Ex. 5. AjikAli mARtaragudZAka
Au pATapaDZAunAhAnwi.
now-a-days teacher-pl-derog
anymore teaching-not.
‘Now-a-days
teachers are not teaching any more.’
3. QUANTIFICATIONAL CLASSIFIERS OR CLASSIFICATORY PLURALS
In Oriya there are a set of interesting morphological class of classifiers akin to plural markers, viz. -gaNa, -bqnxa, -balYi, -mAna, -rAji, -caya, etc. They usually occur with words of Sanskrit origin and especially in the formal contexts (e.g. CAwragaNa 'students', SikRakabqnxa 'teachers', prabanXAbalYi 'essays', waWyamAna 'data/information', bqkRarAji 'trees', puRpacaya 'flowers'). They are, in fact, classifiers and their distribution is dependent on the noun's membership in an ontological category. In other words, -gaNa and -bqnxa are attached to [+] human nouns; -balYi, -mAna, -rAji, -caya, etc. are attached to [-] animate nouns.
Ex. 6. CAwragaNa
‘students’
*kukuragaNa ‘dogs’
*puswakagaNa ‘books’
Ex. 7. bqkRarAji
‘trees’
*CAwrarAji ‘students’
*haswIrAji ‘elephants’
Like the four regular
plural markers, these markers are mutually exclusive with the numerals.
Ex.
8. CAwramAne ‘students’
winoti CAwra
‘three students’
*winoti CAwramAne ‘three
students’
CAwragaNa ‘students’
*winoti CAwragaNA ‘three
students’
Also, they are mutually
exclusive in distribution with other plural markers of regular type as shown in
section-2.
Ex. 9. * CAwragaNAmAne
‘three students’
Besides the above number
property, these classifiers, when attached to [+] human or [+] animate nouns
and function as subjects, the verbs show agreement in plural.
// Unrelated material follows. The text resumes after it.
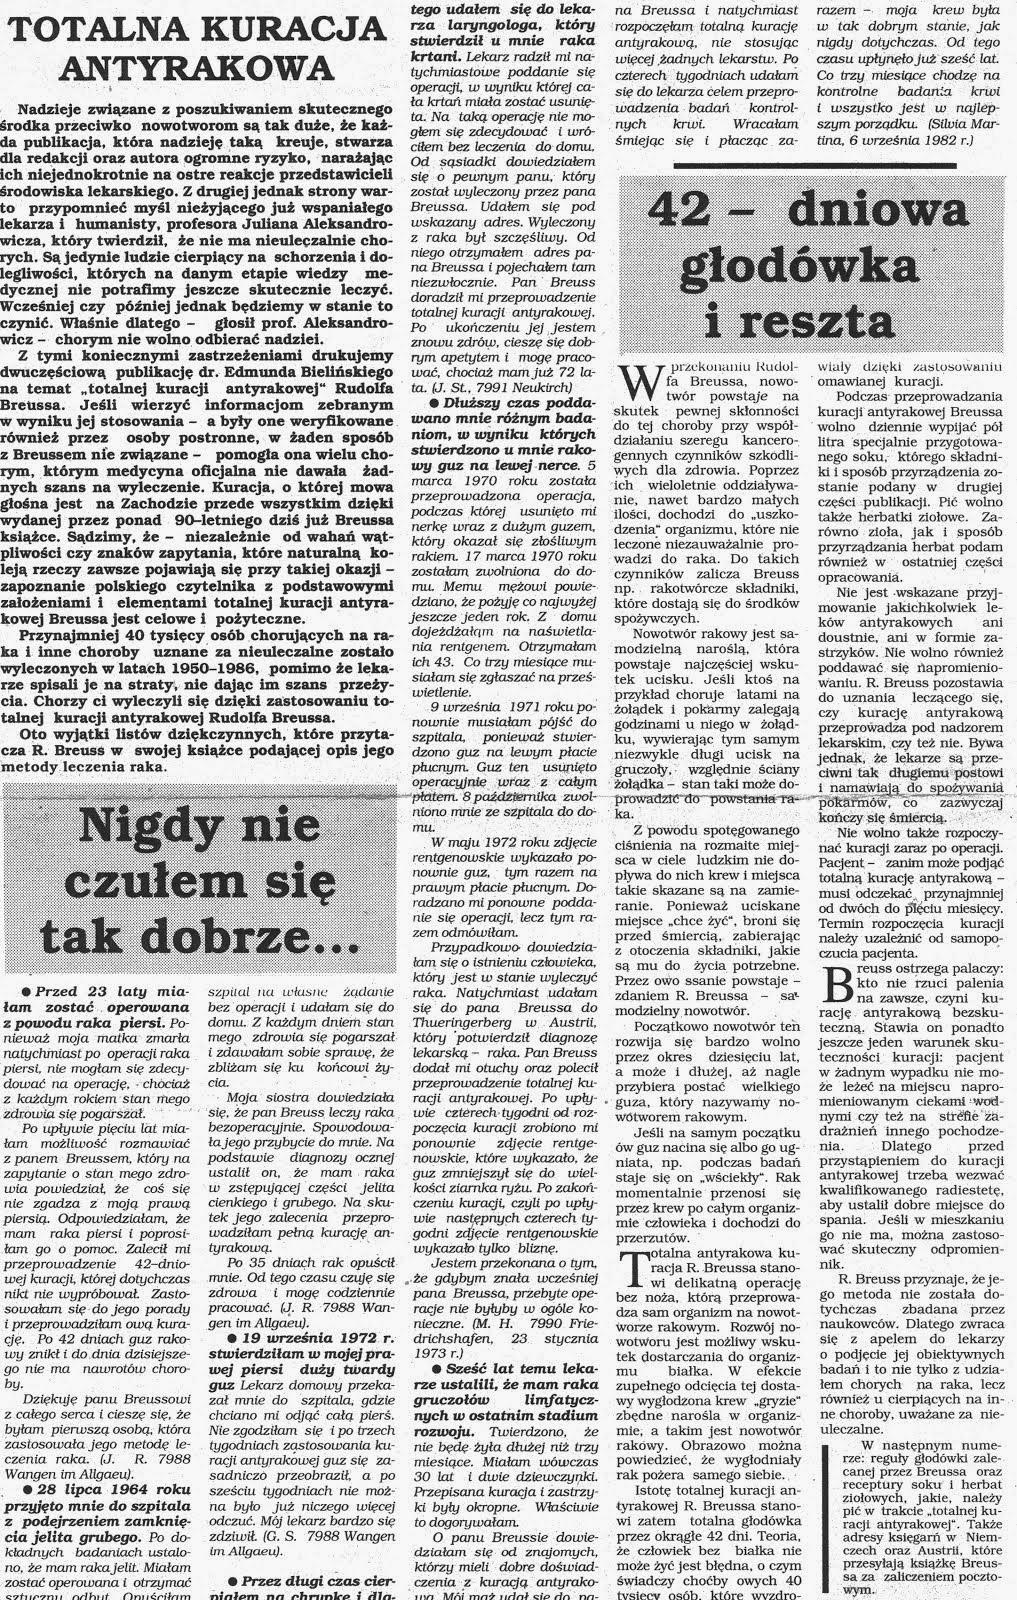 TOTALNA KURACJA ANTYRAKOWA

On the other hand,
when they are attached to [-] animate nouns and function as subjects, the verbs
show agreement in singular.
Ex. 10. newAgaNa upasWiwa
aCanwi.
leaders
present are
'Leaders are present.'
Ex. 11. sabuja bqkRarAji upawyakAtira SoBA baDZAuCi
green trees valley-def-of
beauty magnifying-is
‘The green trees are magnifying the beauty of the valley.’
4. CASE INFLECTION
Inflection
of case markers in Oriya is also based on certain semantic features of the nominals.
Mohanty (1995) and Mahapatra, B. (1997) have mentioned about the
role of features like [±] animate, [±]
human, etc. However, reconsideration of their distributional properties,
through corpus study, leads us to reformulate as below:
Some instrumental,
ablative and locative case markers show certain distinctions in their
distribution according to the [±] animacy feature of the nouns. Instrumental marker -re,
Ablative markers -u & -ru, locative markers -e & -re
are restricted to [-] animate nouns only.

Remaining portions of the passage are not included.